I turned around and saw Isabel staring at us from the road, with George at her side.

“Do I even want to know?” she asked.

“Probably not.” I left Vance displacing more thorns and approached her. “A faerie. It’s… a warning.” I glanced at George. Shit. I’d put a target on our flat by meddling. “Do you have a healing spell handy?”

“Don’t you? I thought you kept one in your inside pocket.”

“Oh yeah.” After all the times I’d been caught off guard without a healing spell, I’d stuck one in the same pocket I kept my phone in. “I need another for Vance.”

“And explosives,” said Isabel, leading George back to the flat.

“Not glitter!” I called after her.

I returned to the hedge, heart thumping. This was a warning, all right. Maybe someone had overheard me talking about how much I hated thorns.

Or maybe another faerie had slipped out of the Grey Vale.

Vance waved a hand. More thorns vanished. Sharp points flashed before my eyes.

Thorns thick and dripping with blood. My blood. I couldn’t move. The thorns pinned me into place, biting into my skin. A tendril wrapped around my right shoulder and squeezed.
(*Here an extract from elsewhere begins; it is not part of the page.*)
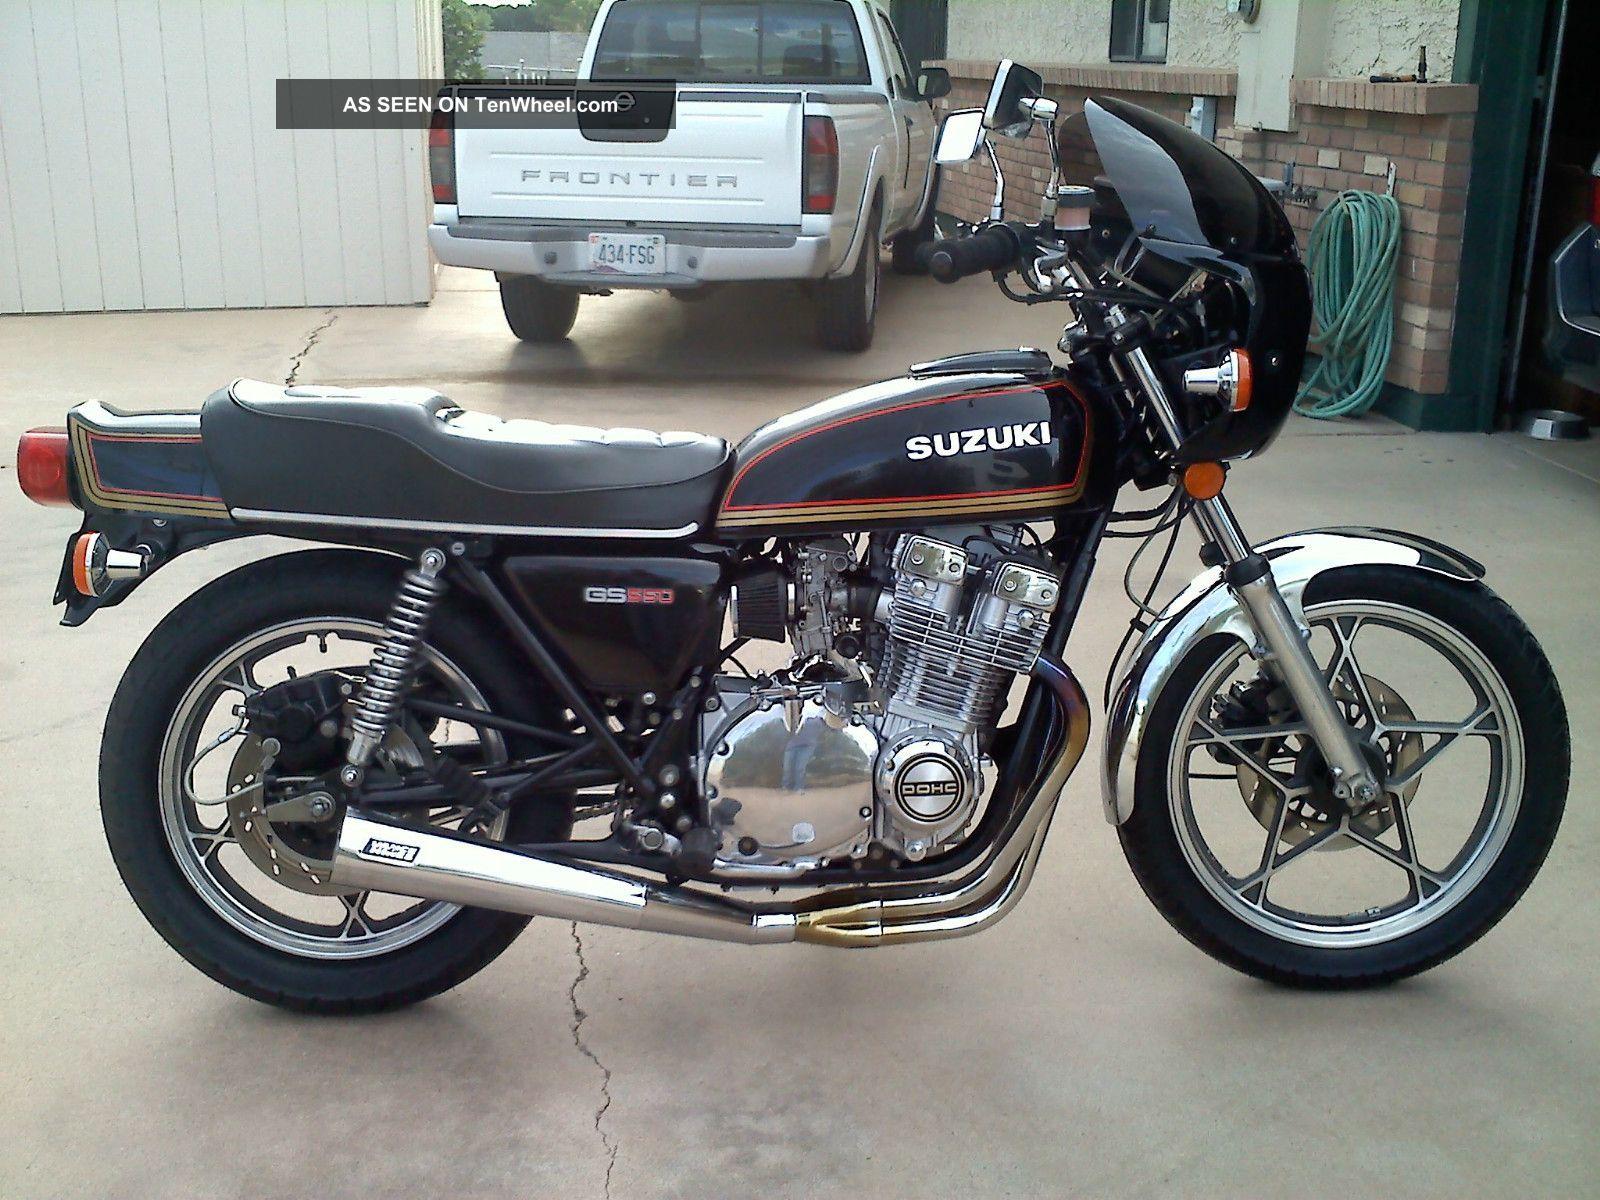 1978 Suzuki Gs550e Custom 750 Engine GS photo

I screamed, hoarse and loud, but nobody heard me.

Isabel waved a hand in front of my face. I hadn’t even noticed she’d come up beside me. “Ivy? You’re zoning out.”

“Yeah. I hate thorns.” I shuddered. “Is that the healing spell?”

I took it, activating the blue band-shaped spell with a snap. Some of my aches and pains vanished. Another flash told me Vance had activated his. The way his hand automatically jumped to his left arm suggested he’d been bitten or scratched more than once. By his own uncle. Jesus. We had to stop whoever was targeting the shifters.

Unfortunately, the thorns proved resilient, and only Vance’s displacing ability could get rid of them. By the time the last thorn had vanished, the sun had disappeared in a golden haze behind the rooftops, and we’d had to turn away no fewer than fifteen cars who’d turned into the road to find the way blocked by thorns. The house sat on a cul-de-sac so we didn’t get too much traffic, but the mages would probably have to deal with a line of complainers demanding to know why magical thorns had been blocking the road.

“The council will be pissed with me.” I knelt to clean up the last of the discarded spells.

“I’ll take care of it.” Vance stood still, eyes closed. “That’s the last of them?”

“Yeah. You okay?”

“Don’t worry. Whatever caused me to shift drained a lot of my power. I’ll be fine tomorrow. You should go home.”

“Before another thorn monster attacks me.” I joked to ease the tightening in my chest. This situation kept getting more tangled. More—thorny. Ha. Too many problems, not enough time, and a death threat hanging over my head, possibly from the person behind the shifter deaths in the first place.

“Wish there was a way to make sure no shifters leave their territory tonight,” I said.

Vance nodded. “Mages are patrolling. They’ll call me if they see anything.”

Yeah. That’s what I’m scared of.
We needed answers
now,
but I couldn’t use the tracker on a faerie thorn inside our house. Not with George in there. Isabel had gone back into the flat to make sure he didn’t run outside, but I’d have to tell her the truth. I doubted Henry and Susie would ever trust us with babysitting again after this week.

“I don’t get it,” I said softly. “Thorns. They’re not the Lady of the Tree’s, even if she does have the talisman. Velkas’s blade can… if she has it, she can take life from others.”